DATA SECTION Start Marker

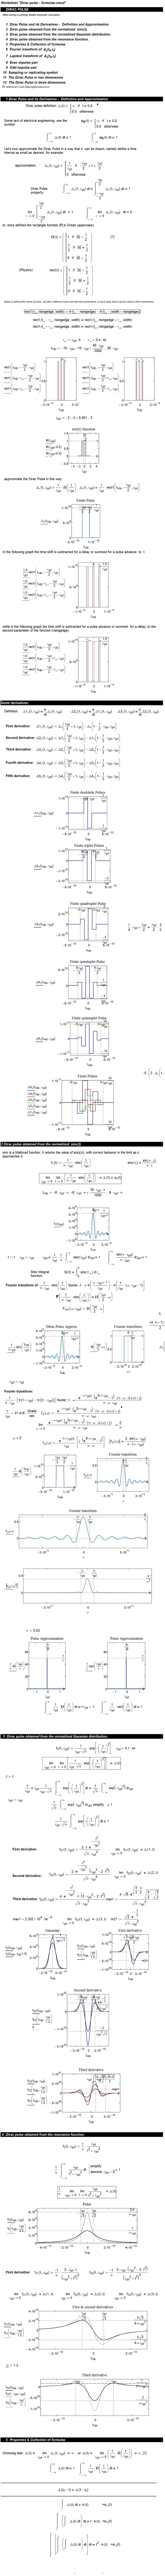 some Dirac pulse approximations.jpg
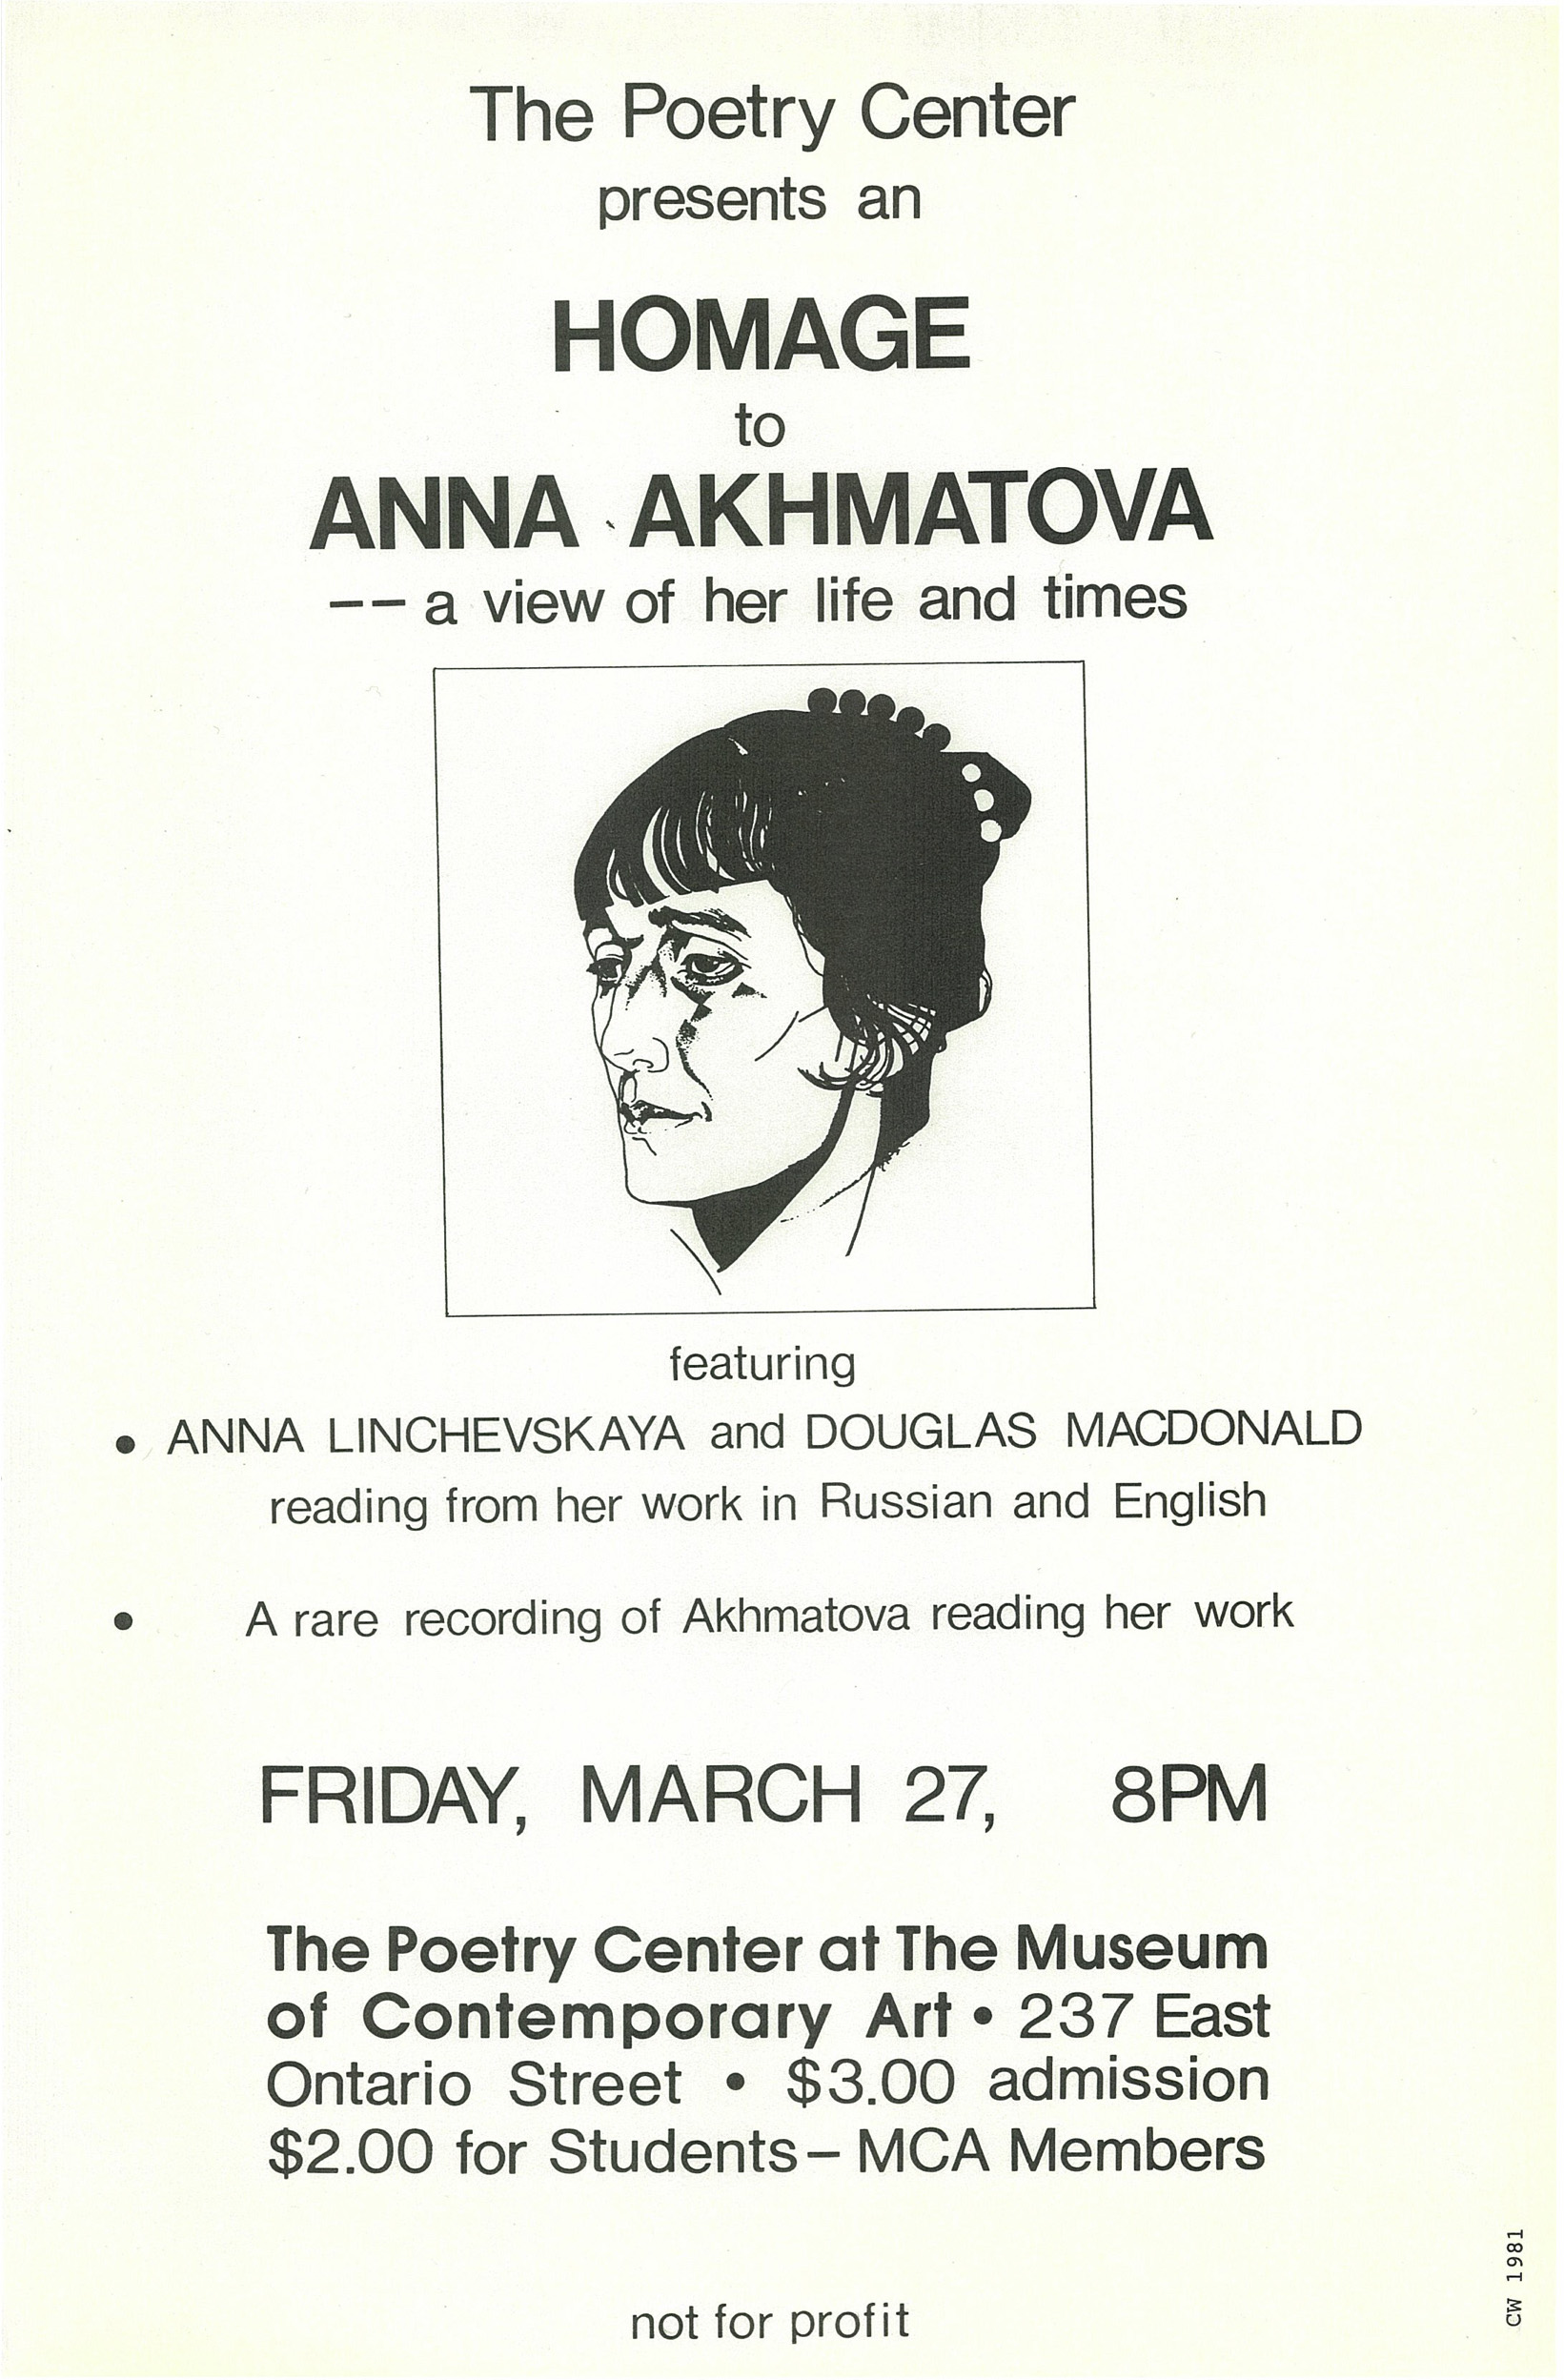 Vintage poster of Homage to Anna Akhmatova featuring Anna Linchevskaya and Douglas MacDonald reading at the Poetry Center of Chicago.
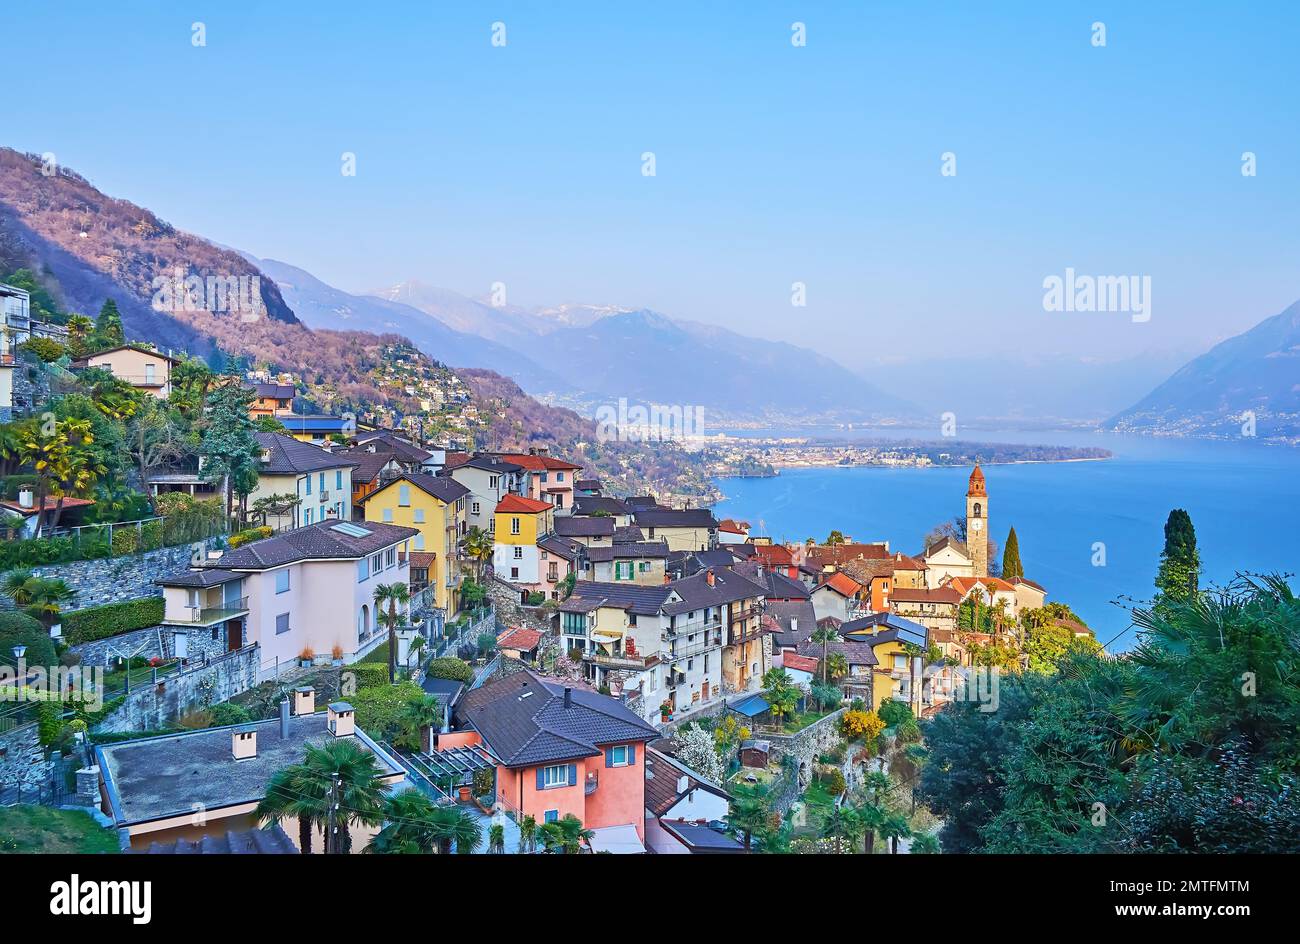 The beautiful Alpine landscape with houses of Ronco sopra Ascona, blue Lake Maggiore and hazy mountains in light of evening sun, Switzerland Stock Photo

DATA SECTION End Marker

Each line above is to be transcribed exactly, though its pictures are not.

 some Dirac pulse approximations.jpg
 Vintage poster of Homage to Anna Akhmatova featuring Anna Linchevskaya and Douglas MacDonald reading at the Poetry Center of Chicago.
 The beautiful Alpine landscape with houses of Ronco sopra Ascona, blue Lake Maggiore and hazy mountains in light of evening sun, Switzerland Stock Photo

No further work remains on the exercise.